***** Given information *****

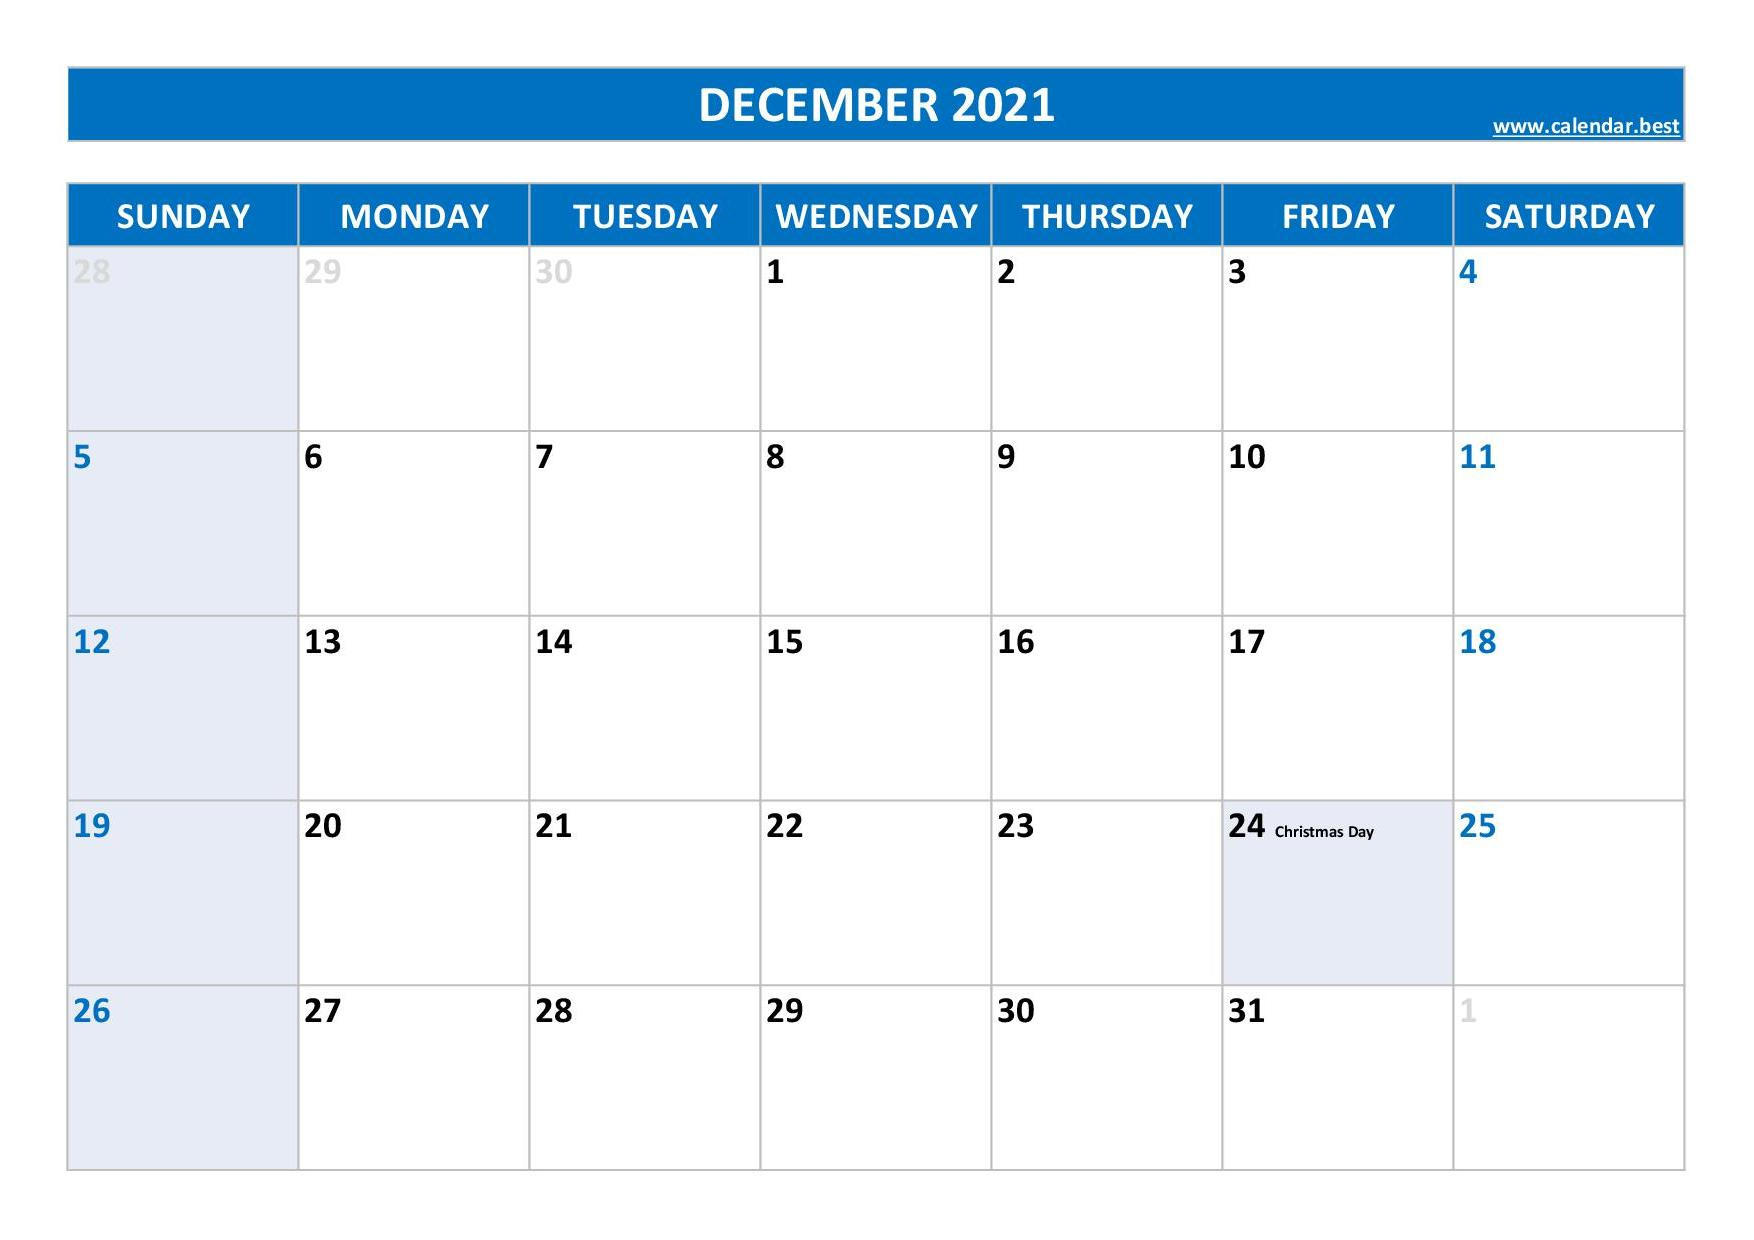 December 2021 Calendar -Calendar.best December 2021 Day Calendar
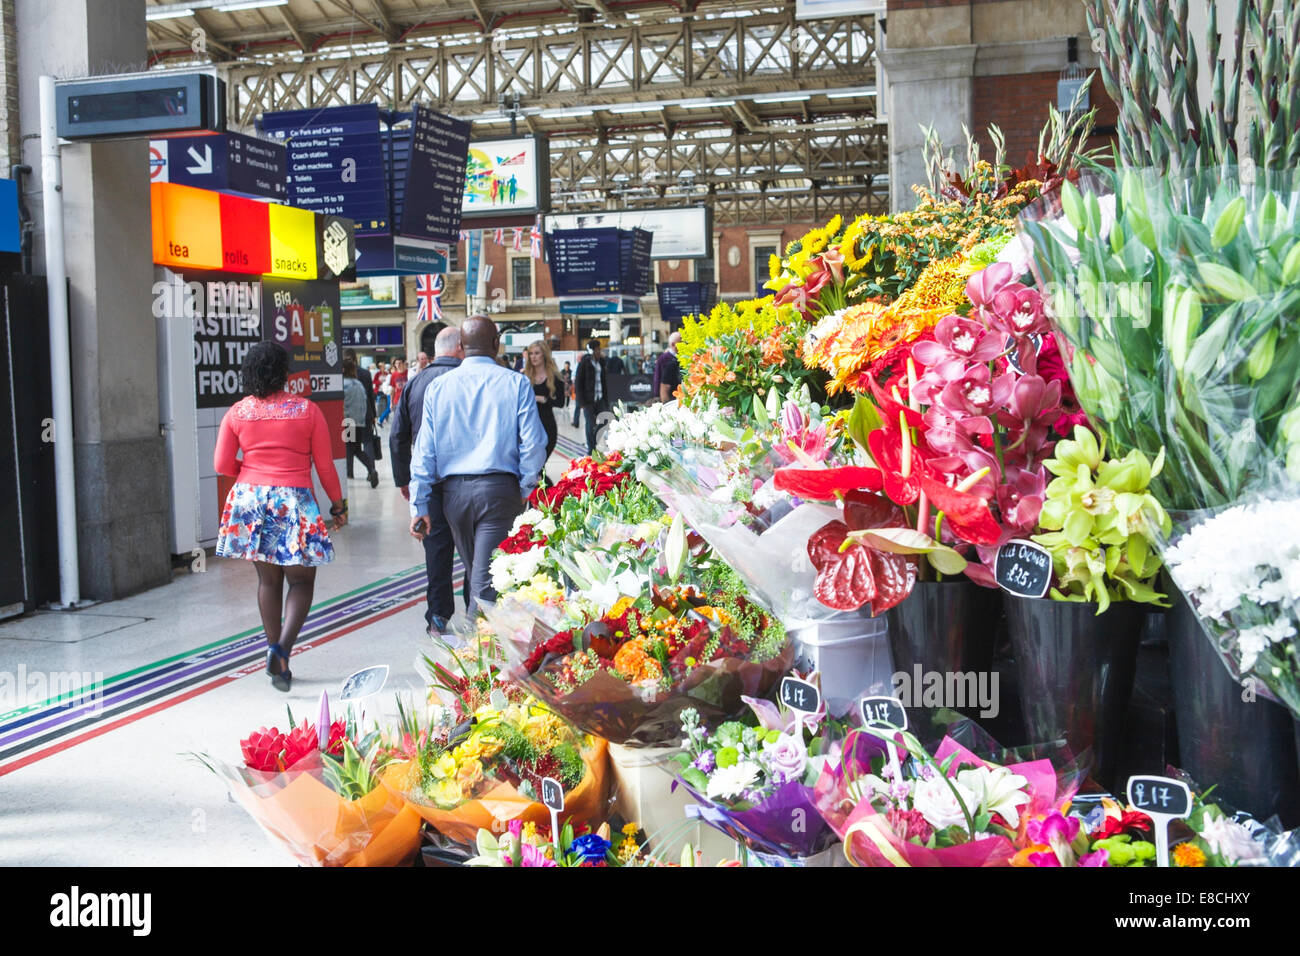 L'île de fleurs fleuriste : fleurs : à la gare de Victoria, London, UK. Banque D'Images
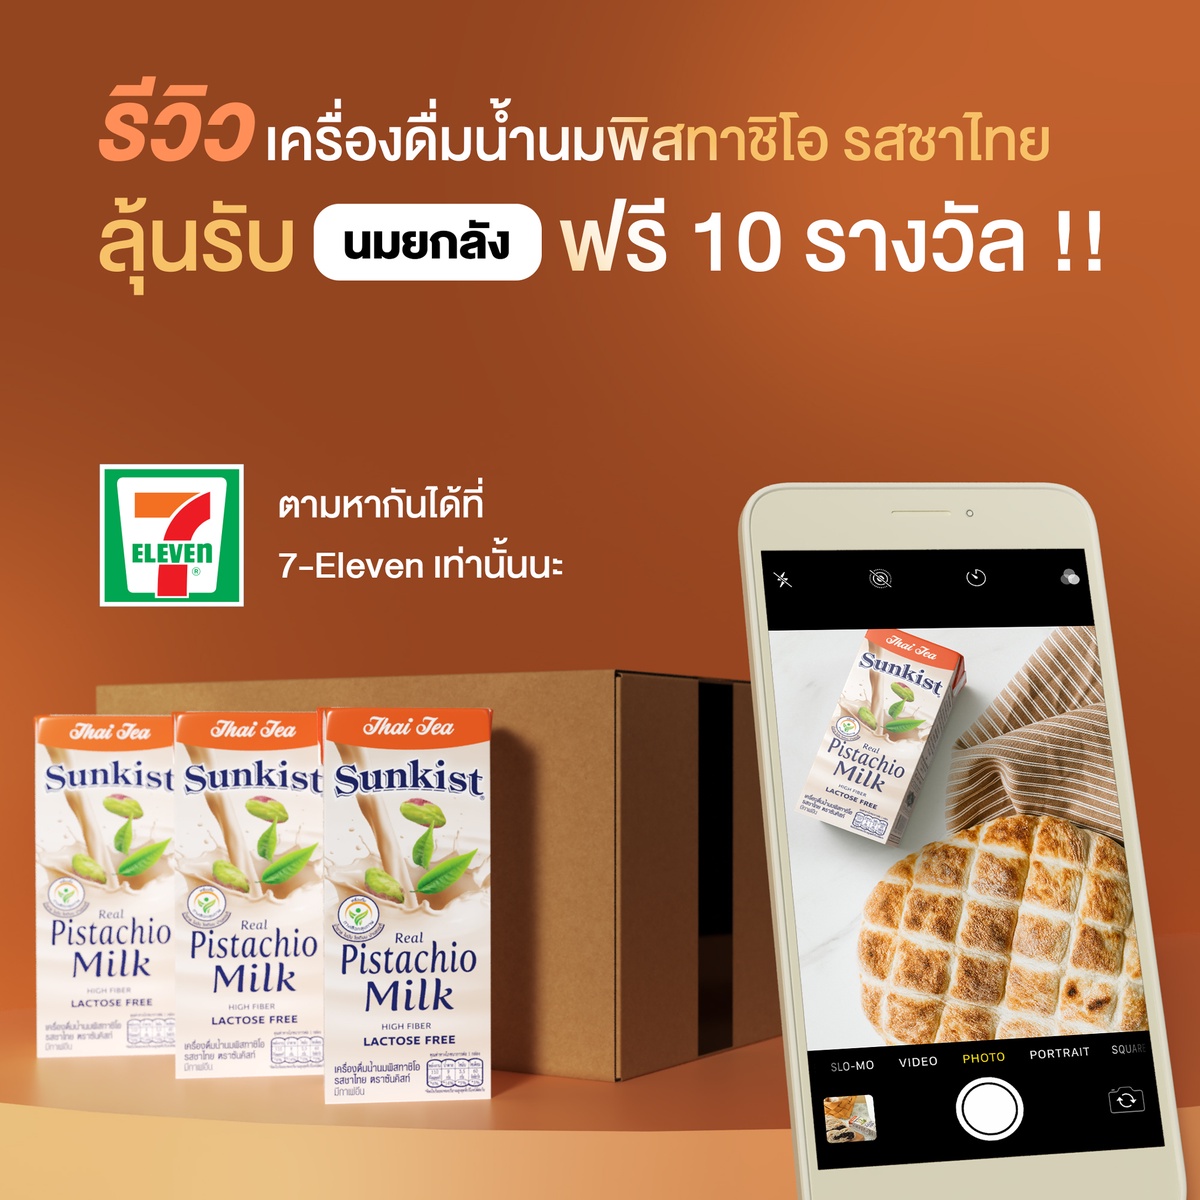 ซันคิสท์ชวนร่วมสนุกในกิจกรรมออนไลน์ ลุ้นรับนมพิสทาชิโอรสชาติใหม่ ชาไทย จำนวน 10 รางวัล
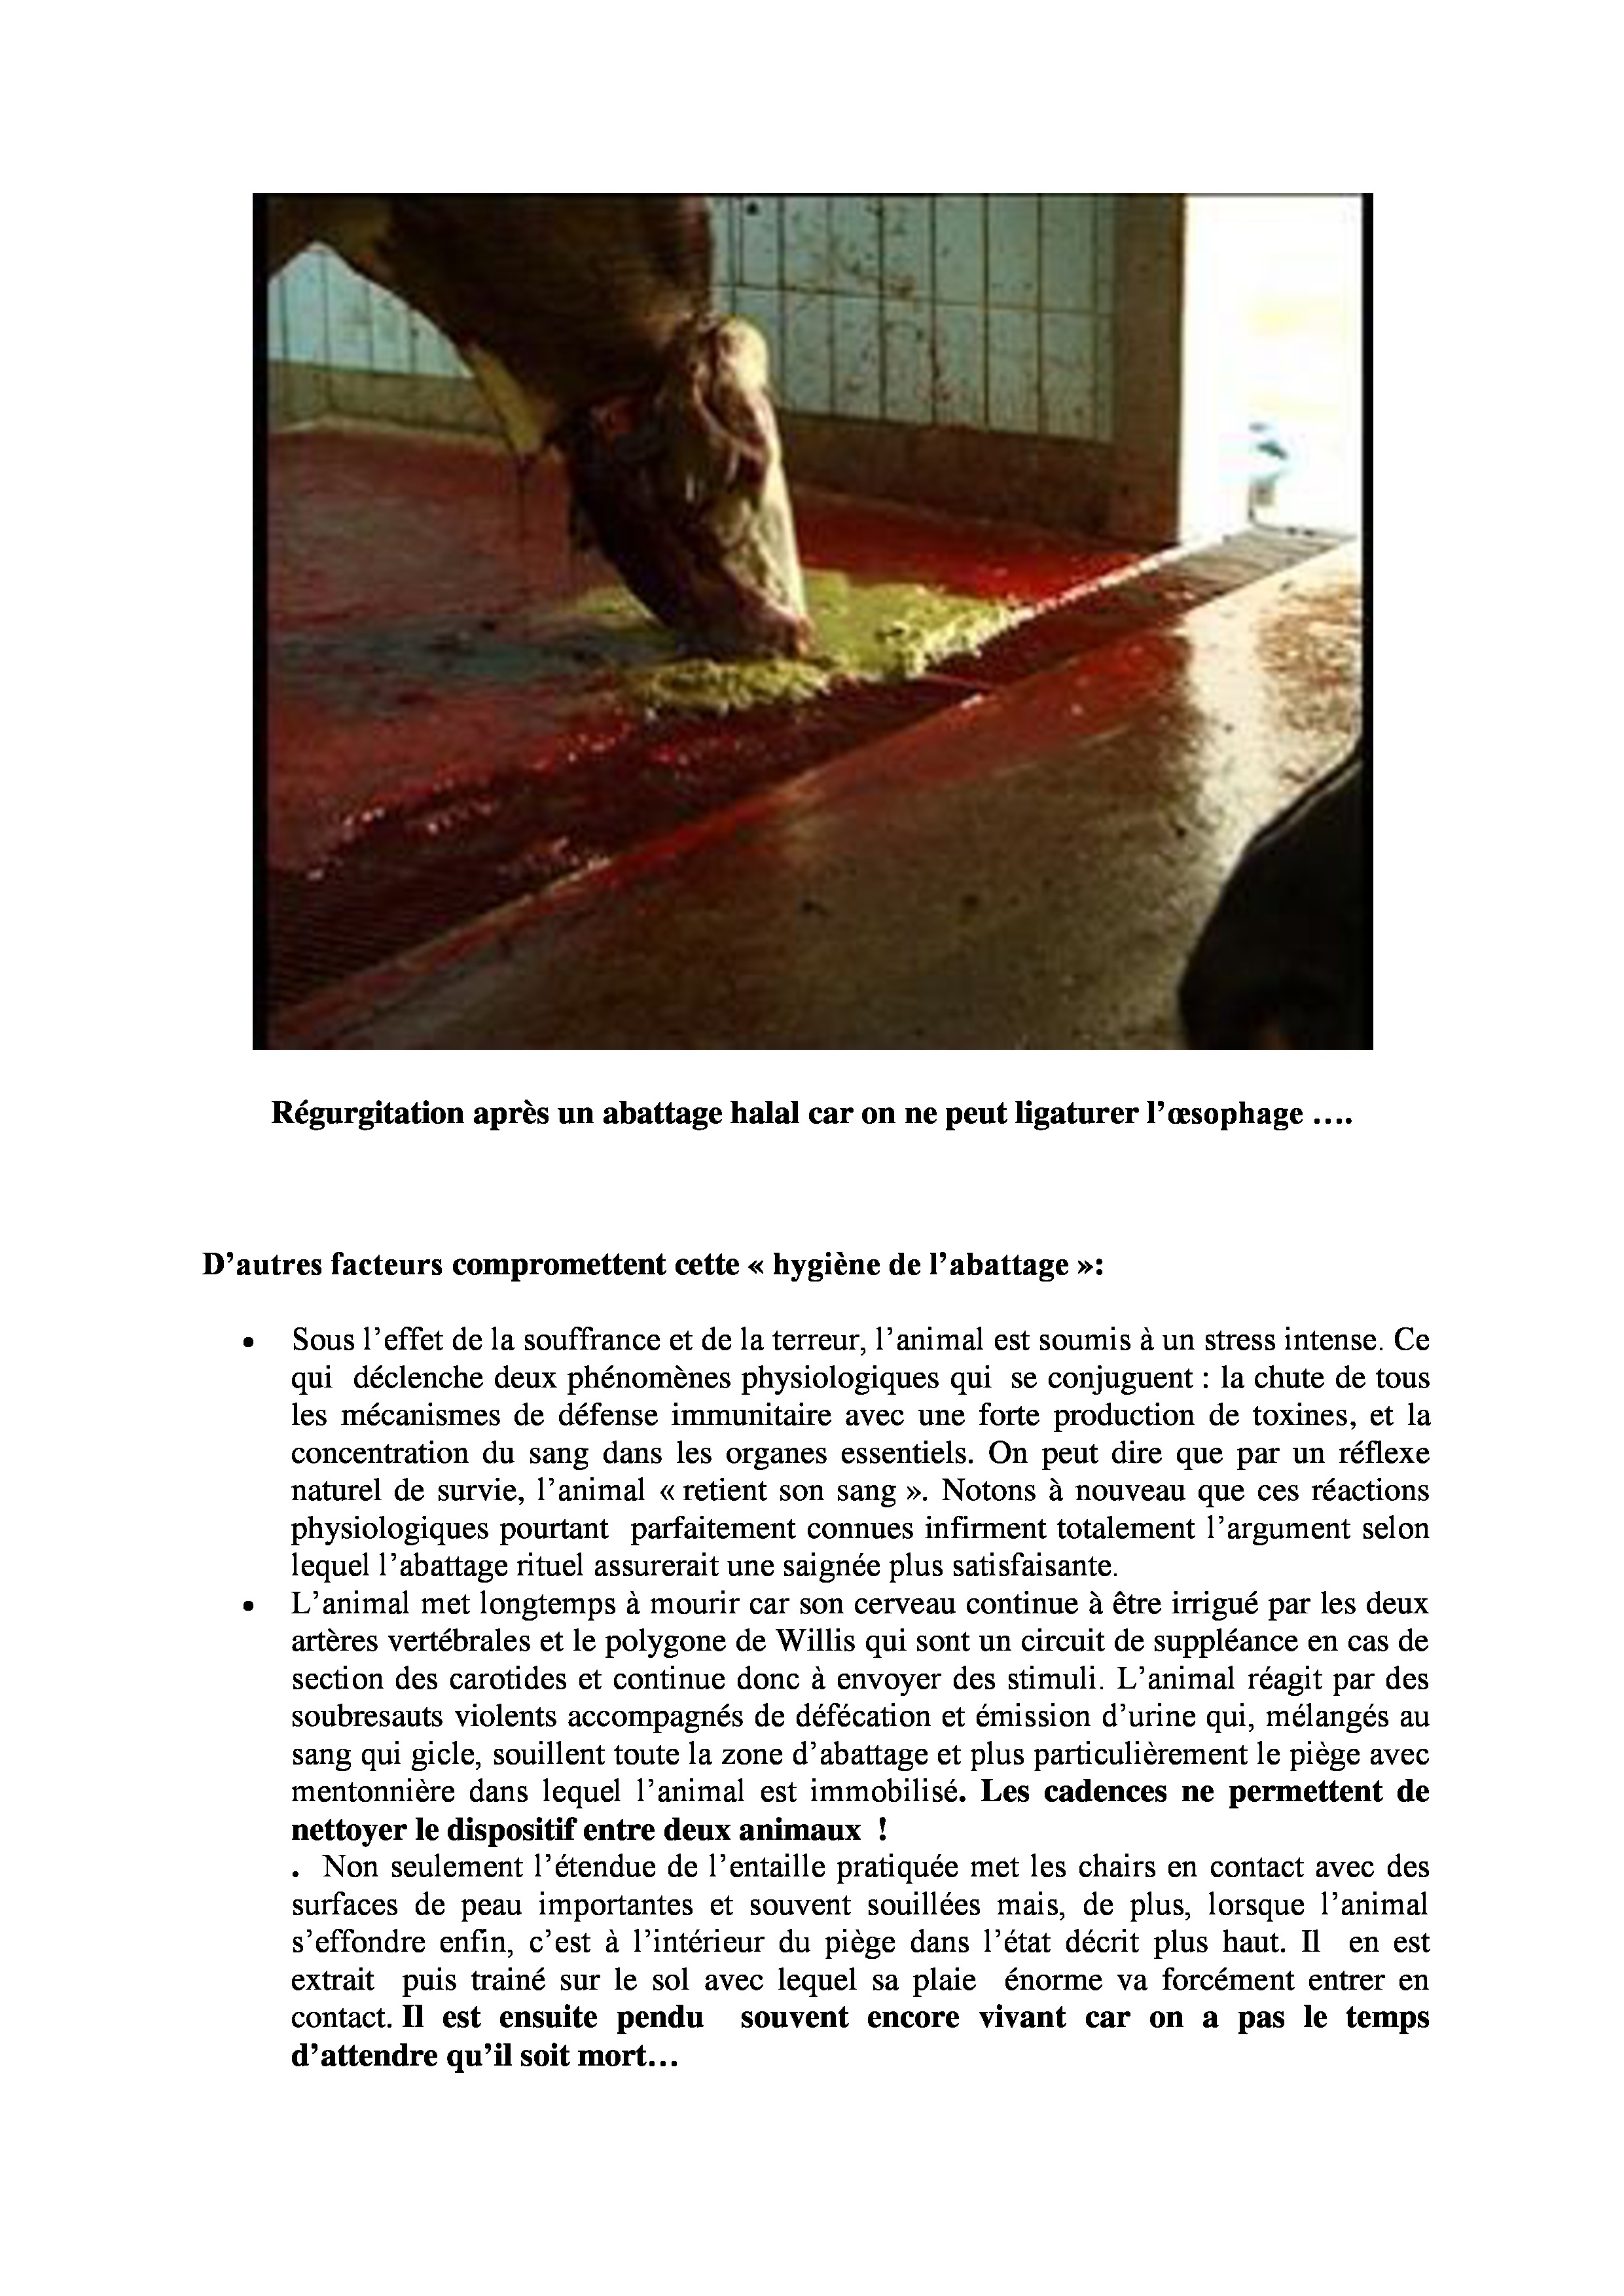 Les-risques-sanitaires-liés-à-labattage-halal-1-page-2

*****

■ **Problem to work on**: Line by line, write out the data above exactly, without the pictures.

■ **Solution to the exercise**:
 December 2021 Calendar -Calendar.best December 2021 Day Calendar
 L'île de fleurs fleuriste : fleurs : à la gare de Victoria, London, UK. Banque D'Images
 ซันคิสท์ชวนร่วมสนุกในกิจกรรมออนไลน์ ลุ้นรับนมพิสทาชิโอรสชาติใหม่ ชาไทย จำนวน 10 รางวัล
 Les-risques-sanitaires-liés-à-labattage-halal-1-page-2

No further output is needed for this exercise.